Overall, I get a sense that people myself included came with different application backgrounds and considered quite different use cases under the heading of “parallel simulation”. The nature of the problem is clearly perceived differently by different people, and this could be a reason discussions around parallelizing simulations of virtual platforms sometimes seem to get nowhere. There might just be a conceptual difference that nobody picks up on.
This is my attempt to structure the problem, from what I heard at the SystemC Evolution Fika.
Granularity
The first aspect to consider is the granularity of parallelism. What is actually being considered as a relevant target for the parallelization?
Chunky Parallelism
If you have a virtual platform background (i.e., a focus on the software running on the platform), it seems natural to start with the need to parallelize instruction-set simulators and heavy compute jobs. Those are the heavy components of the simulation, while regular devices tend to take less time and be less critical. This leads to a view of parallelism as something applied selectively to a few blocks in a design. The assumption is that most of the model stays the same as when writing a serial model. The parallel blocks tend to be quite dissimilar from each other.
It looks something like this:
The parallel program in this case looks more like a threaded desktop application that is using a lot of threads to do a lot of different things at once. Or the set of processes running on top an operating system in daily interactive use. I.e., rather varied, noisy, and with constantly varying load balance.
This is in essence the approach taken in Simics, where most device models run in a serial environment, and individual models are explicitly made thread-aware. Sometimes entire sets of processors are given a single thread, other times each processor core gets its own. Depends on how much work they have to do. Behind the scenes there is a worker pool and core scheduler that finds work to run in parallel, and a threading programming model specific to Simics.

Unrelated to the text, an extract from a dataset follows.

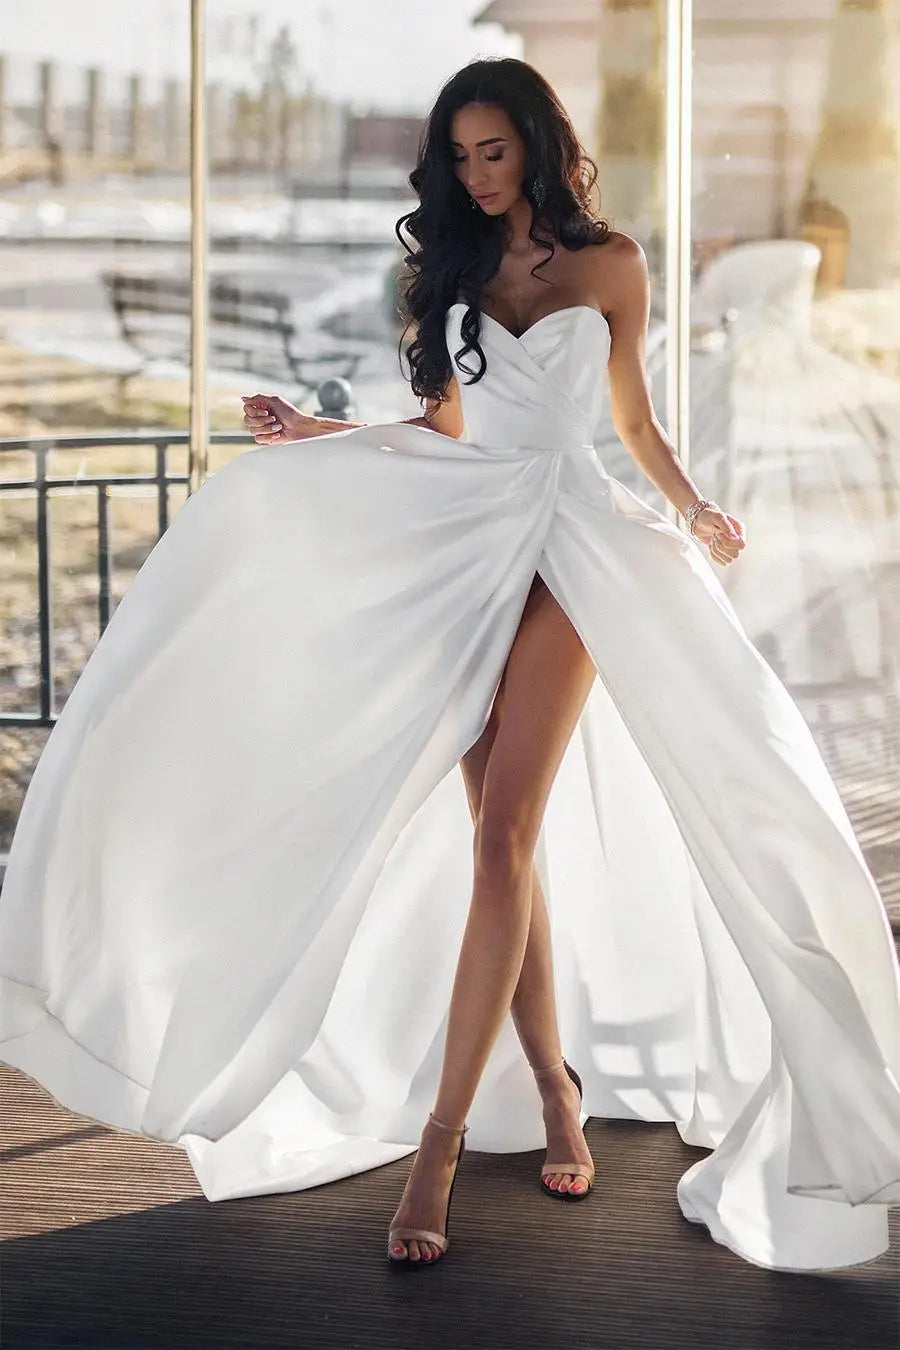 Gaun pengantin pantai biasa biasa ditambah saiz seksi kekasih lengan tanpa lengan celah gaun pengantin vestido de noiva Mariage disesuaikan

The sc-during approach from Matthieu Moy looks targets this kind of chunky parallelism, providing and API to offload work on threads in parallel to the main simulation. The code would be written to explicitly spawn compute work, and to carefully synchronize back to the serial SystemC kernel.
The SCale system presented by Tanguy Sassolas is also looking for parallelism in a chunky system with instruction-set simulators. The programmer is responsible for determining which parts of the system should be executed on separate threads, as well as for annotating accesses to shared resources for safety.
Fine-Grained
Another view is to consider a mostly symmetrical parallel hardware design such as a compute accelerator. Here, there are typically many identical small blocks that are run in parallel in the hardware, and that seem like very natural candidates for parallel simulation. This is typically expected to be more fine-grained than the chunky approach, since each block considered for parallelization is smaller.
Something like this:
This leads down the route to a mapping individual models to threads, and to think of a model as something quite similar a high-performance computing (HPC) program that performs a single computation as a large set of small parallel compute tasks.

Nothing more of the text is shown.